Only trust these headers from infrastructure you control. Do not expose the FastAPI application directly to the public network while accepting client certificate identity from headers.

The client IP used for per-certificate allowlists is taken from X-Real-IP first, falling back to the rightmost entry of X-Forwarded-For. Configure your proxy to set X-Real-IP from the connection peer (as in the snippet above) so a client cannot spoof its source address through a forged X-Forwarded-For header. When X-MTLS-VERIFY is present it must carry a success value (SUCCESS, OK, 1, or TRUE, case-insensitive); a present-but-failed value is rejected even without require_verify_header=True.
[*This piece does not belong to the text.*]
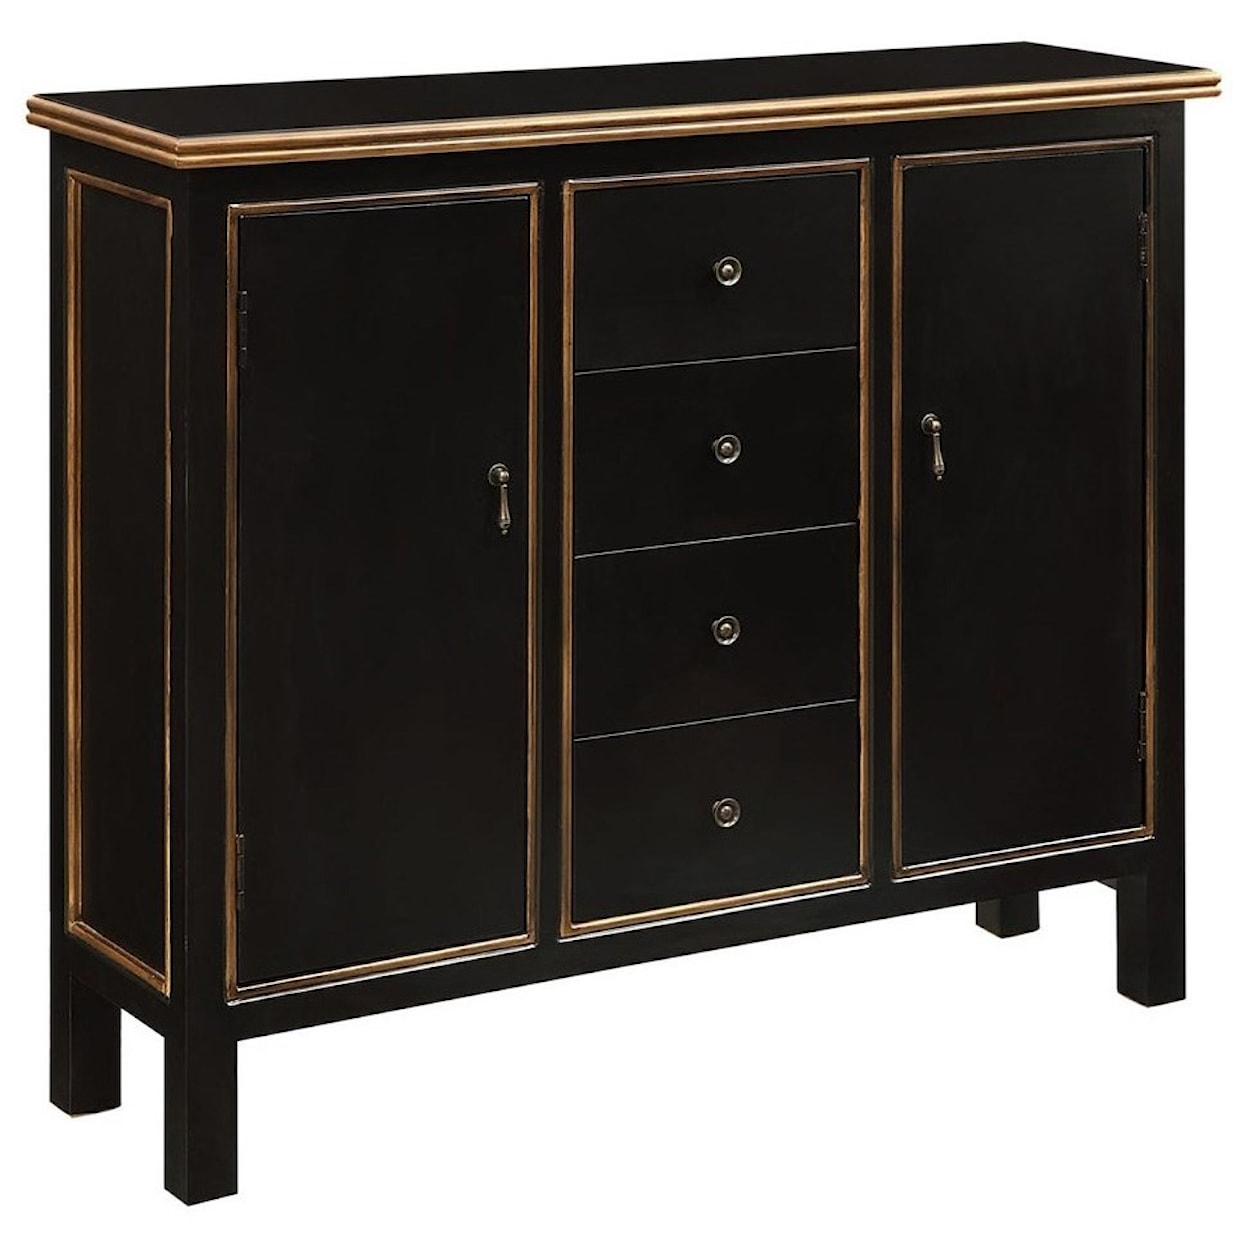 Crestview Collection Accent Furniture Belgrade Wall Cabinet

Certificate Header Dependency

import sqlalchemy as sa
from cryptography import x509
from cryptography.hazmat.primitives import hashes
from fastapi import Depends, HTTPException

from fastapi_client_cert_auth import (
    Certificate,
    get_certificate_from_header_dependency,
)

get_certificate_from_header = get_certificate_from_header_dependency(
    require_verify_header=True,
)


async def current_certificate(
    certificate: x509.Certificate = Depends(get_certificate_from_header),
) -> Certificate:
    cn = certificate.subject.get_attributes_for_oid(x509.oid.NameOID.COMMON_NAME)[0].value
    fingerprint = certificate.fingerprint(hashes.SHA256()).hex()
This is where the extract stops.